# Noiseless Folding Canes?



## Blackstaff

Hi everyone,

I've been disabled from birth and have had to use a cane for support for many years now. I'm always on the lookout for the "next great thing" on these classic supports. I most often use a cane from a single, solid piece of hardened plastic, but in the past, I've used telescoping aluminum canes and folding canes for travel. I like the idea of the folding cane but the application is never quite what I'd like. I've tried a few different models and perhaps the best one is the commercial "Switch Sticks" model that seems sturdier and more durable than some others and folds pretty well.
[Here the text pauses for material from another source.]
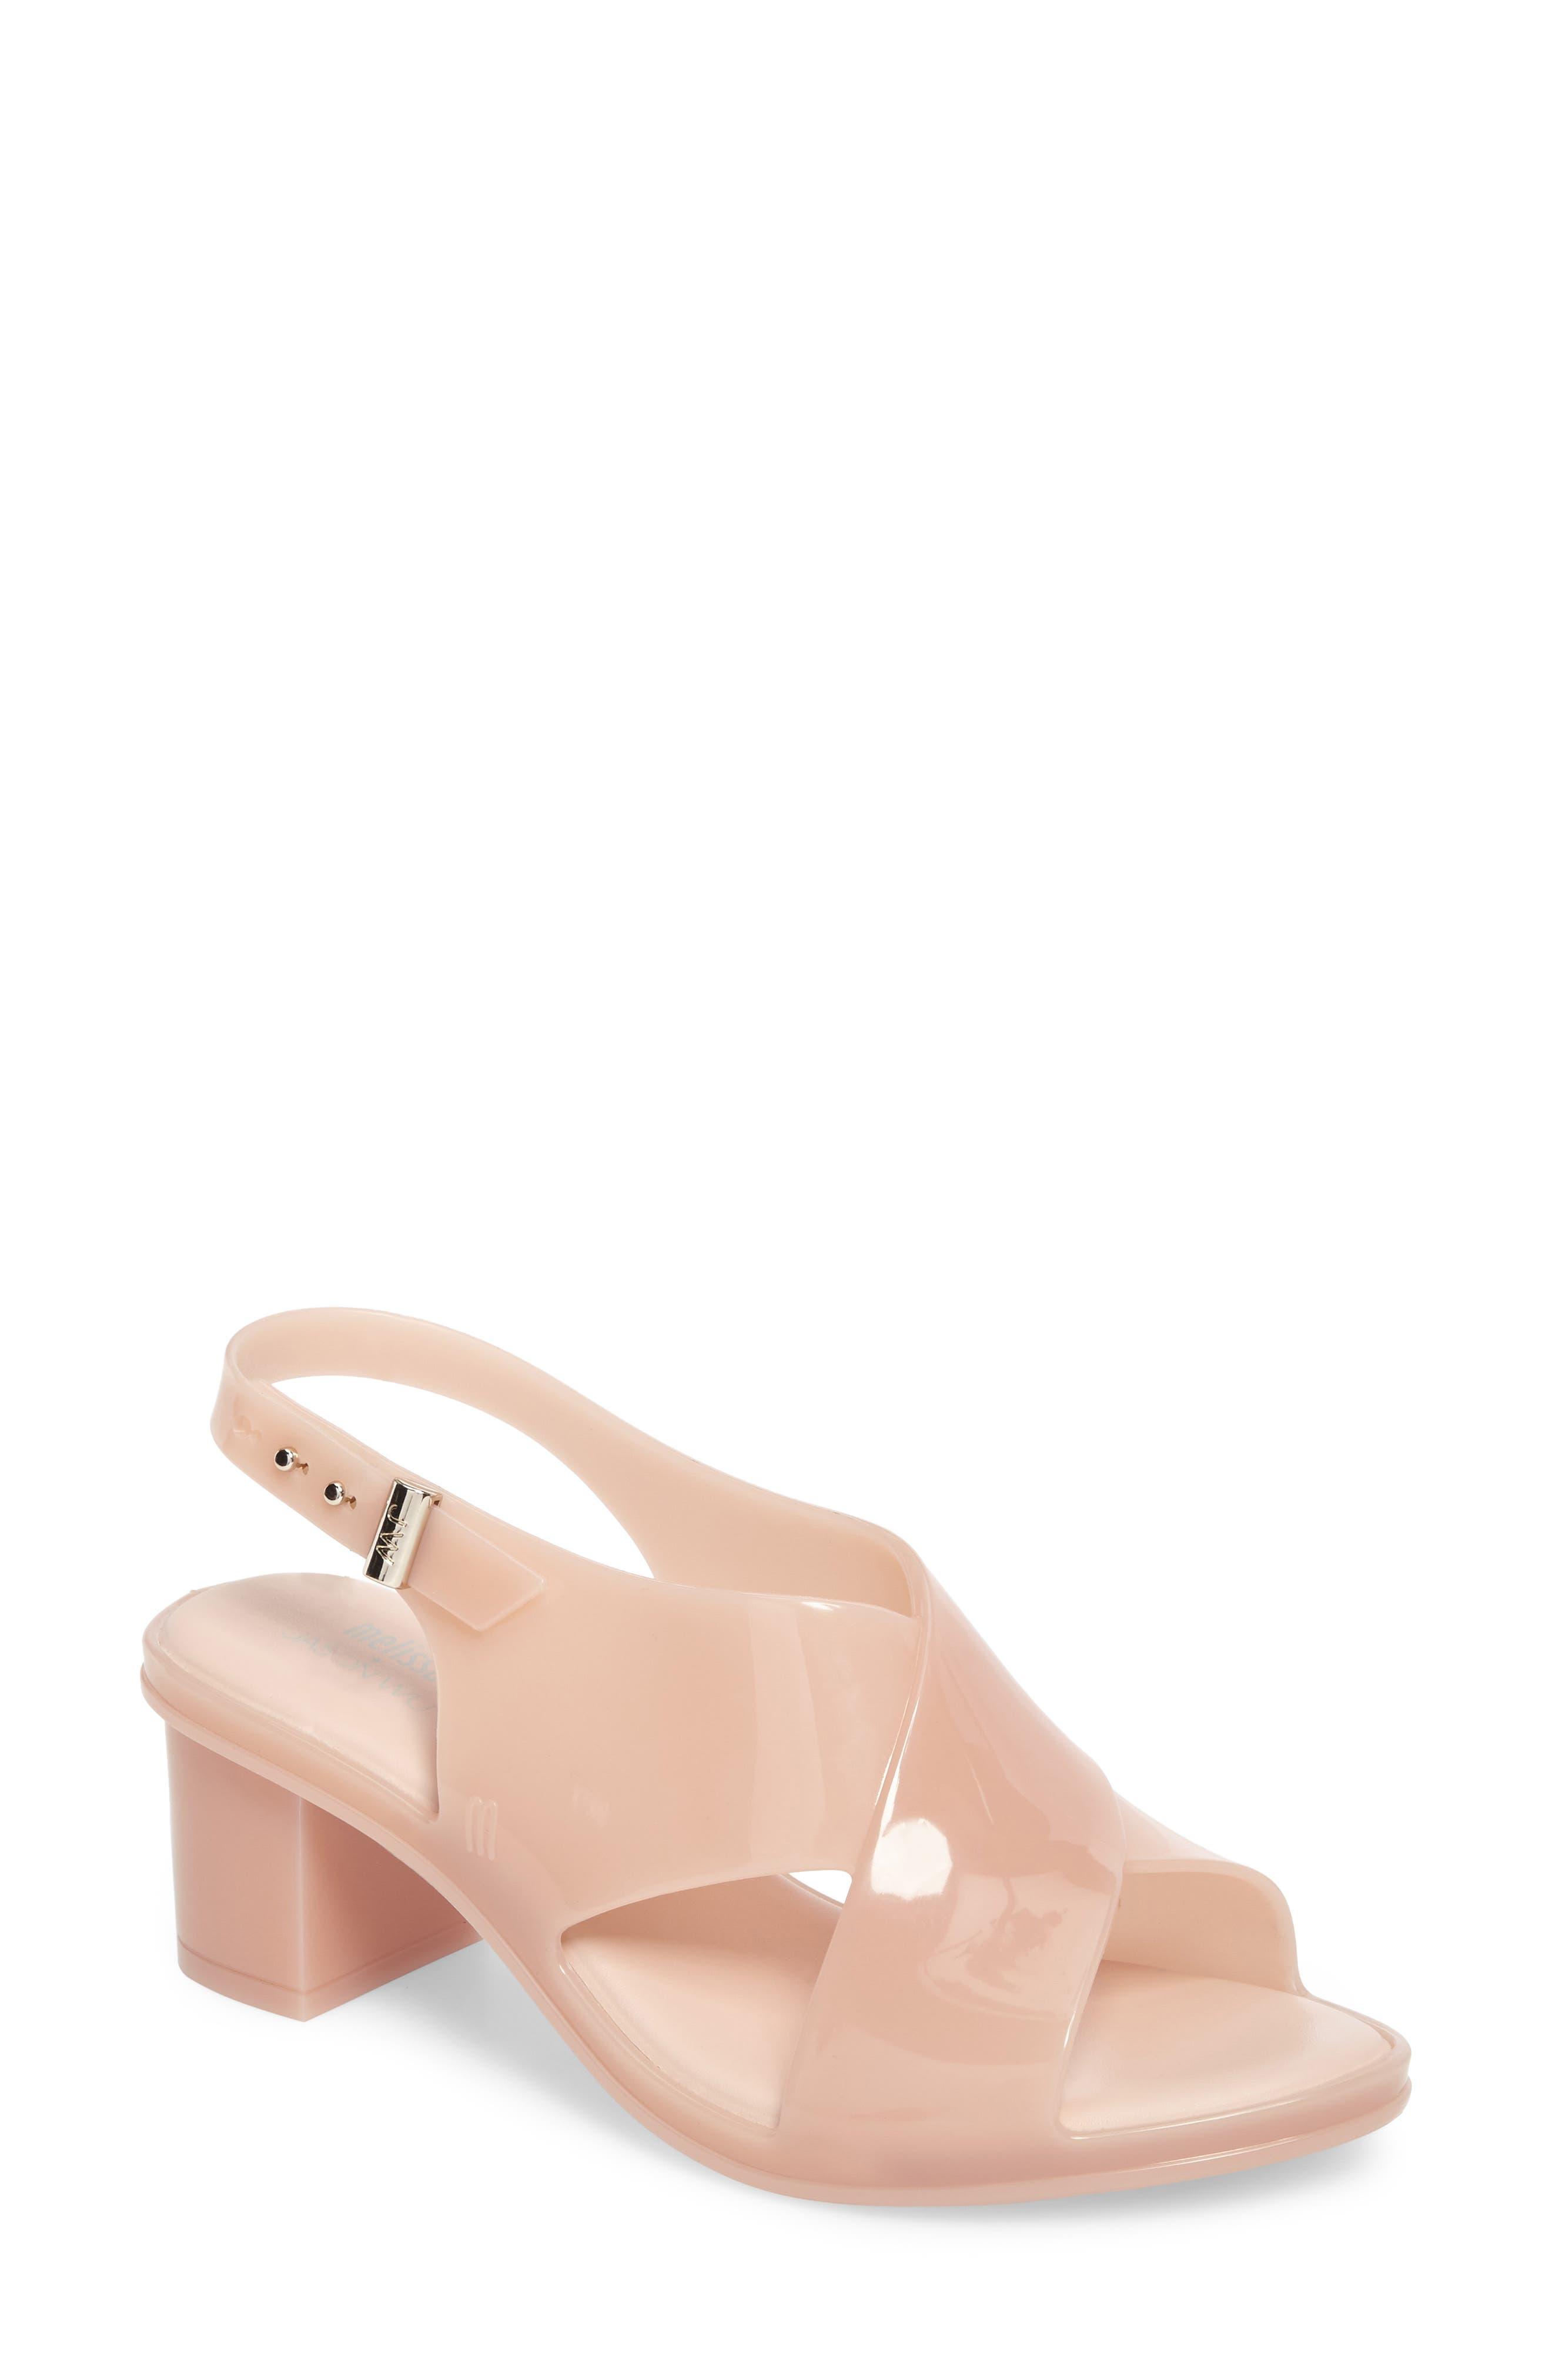 x Jason Wu Jamie Cross Strap Slingback Sandal,                         Main,                         color, Light Pink Matte

The issue I have with it, though, is the same as with most canes that fold: the collar doesn't seem to move the way it does on telescoping canes, so it makes noise with every step. I really dislike that, especially since I can avoid that with either telescoping or single-piece canes. A folding cane would be very handy for some travels and on flights, as the single-piece ones are cumbersome in my seat and it's harder for attendants to stow them, etc. But I really want to find one that doesn't make the noise or that I can modify to not make the noise.

Does anyone know of any readily-available folding canes that don't make sounds every time they make contact? On a side note, are there any regular users of folding canes that have models they prefer? A cane is a necessary aspect of my daily life so I'm trying to find the types that can suit me best. Single-piece construction is my favorite but not always convenient.

Thanks for taking the time to read.


----------



## Rodney

Welcome,

I think most of the guys here make wooden canes and hiking sticks. I don't know of any manufactured products that would fit your needs.

One option I can think of would be a custom wooden cane that screws together instead of folding. Not quite as convenient but no noise either.


----------



## Blackstaff

Rodney said:


> Welcome,
> 
> I think most of the guys here make wooden canes and hiking sticks. I don't know of any manufactured products that would fit your needs.
> 
> One option I can think of would be a custom wooden cane that screws together instead of folding. Not quite as convenient but no noise either.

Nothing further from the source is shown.